*SOURCE INFORMATION*
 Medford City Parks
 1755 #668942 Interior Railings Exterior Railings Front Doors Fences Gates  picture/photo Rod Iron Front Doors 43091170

...

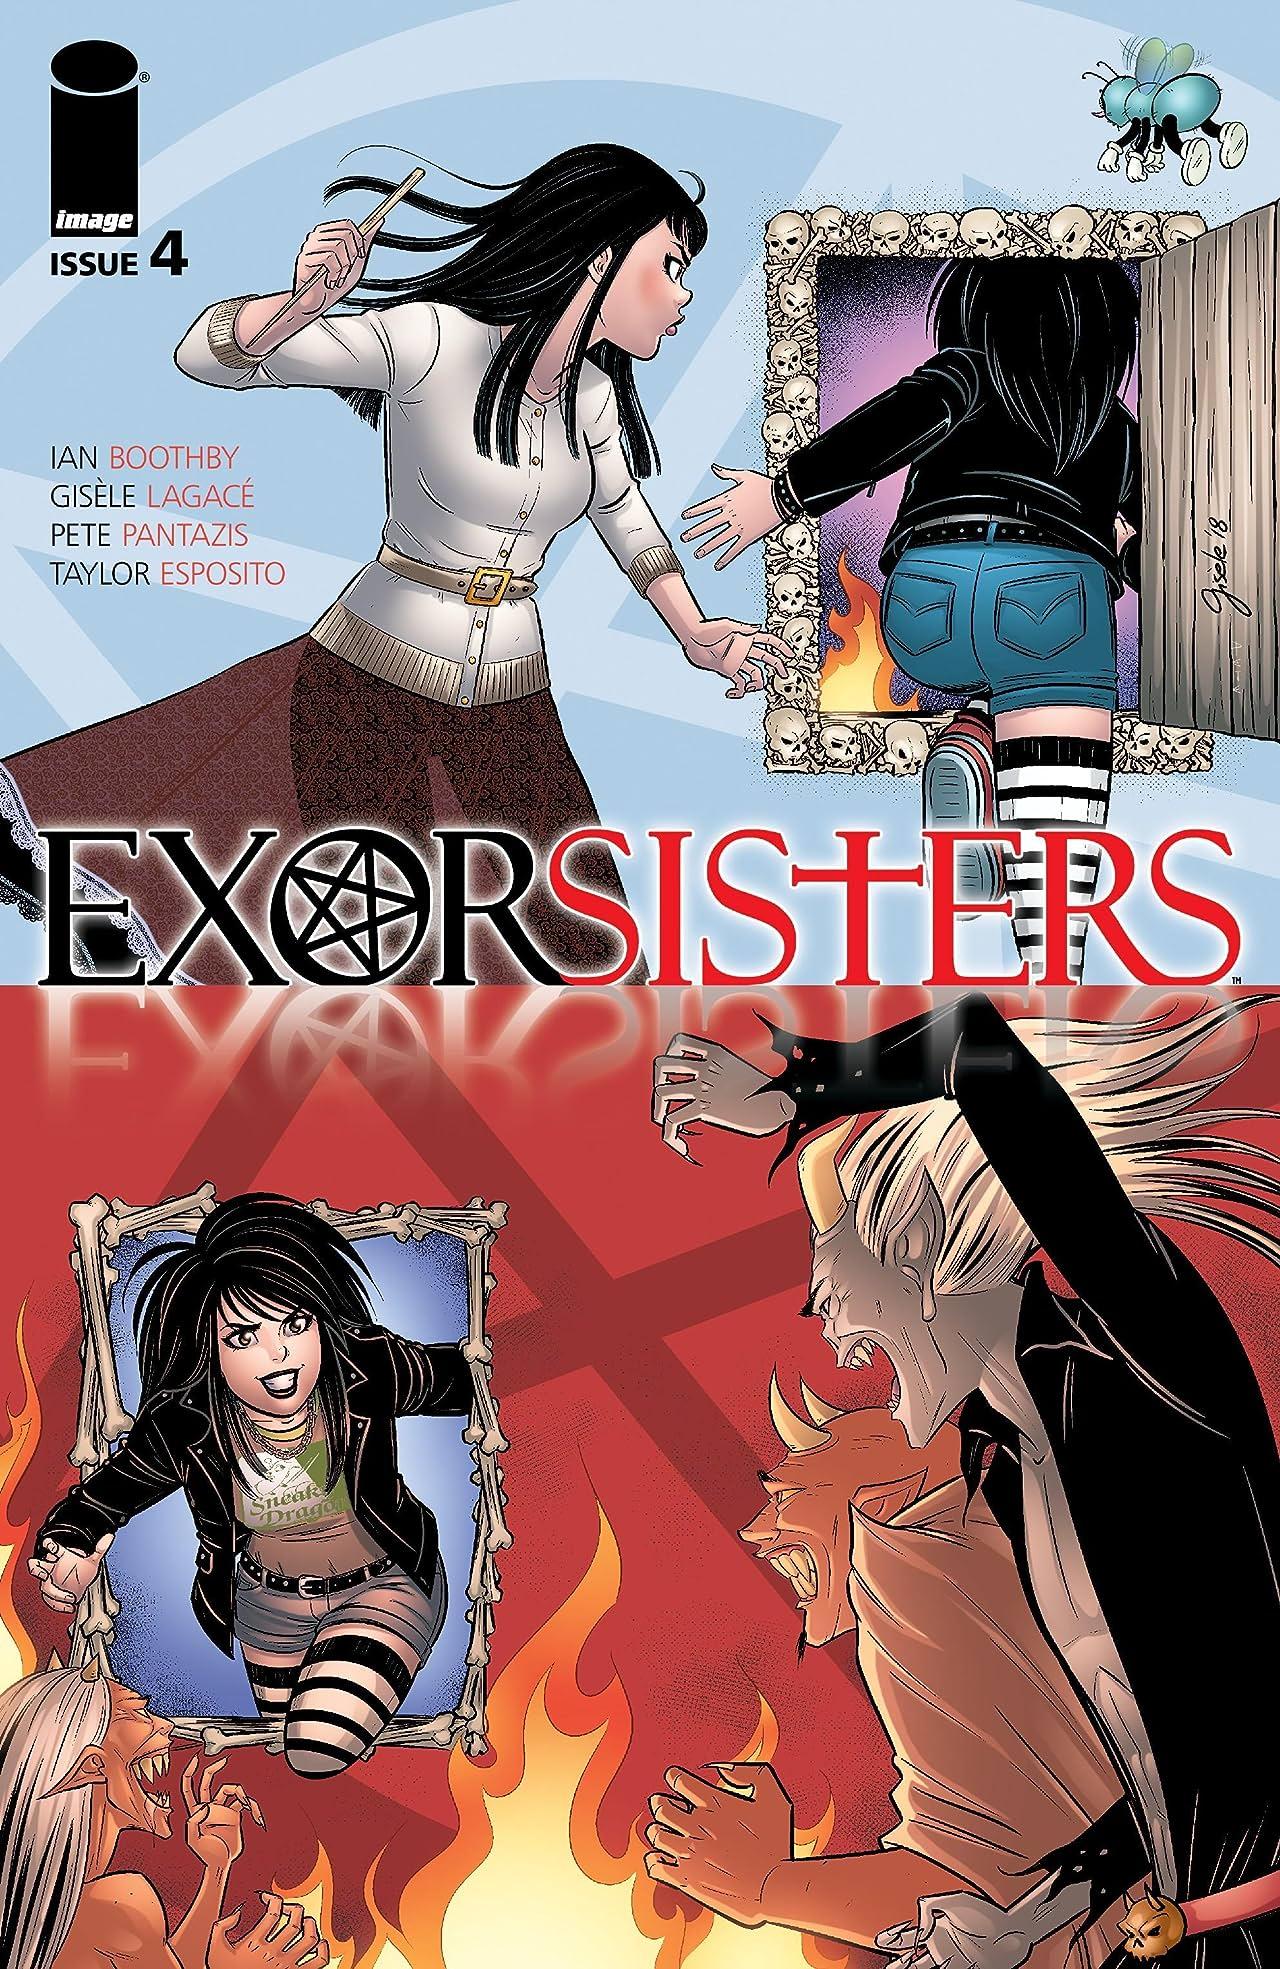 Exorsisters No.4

*WHAT TO WORK ON*
Return only the stretch of the material above from the line holding "Medford City Parks" through the line holding "1755 #668942 Interior", copied exactly.

*EXERCISE RESULT*
 Medford City Parks
 1755 #668942 Interior Railings Exterior Railings Front Doors Fences Gates  picture/photo Rod Iron Front Doors 43091170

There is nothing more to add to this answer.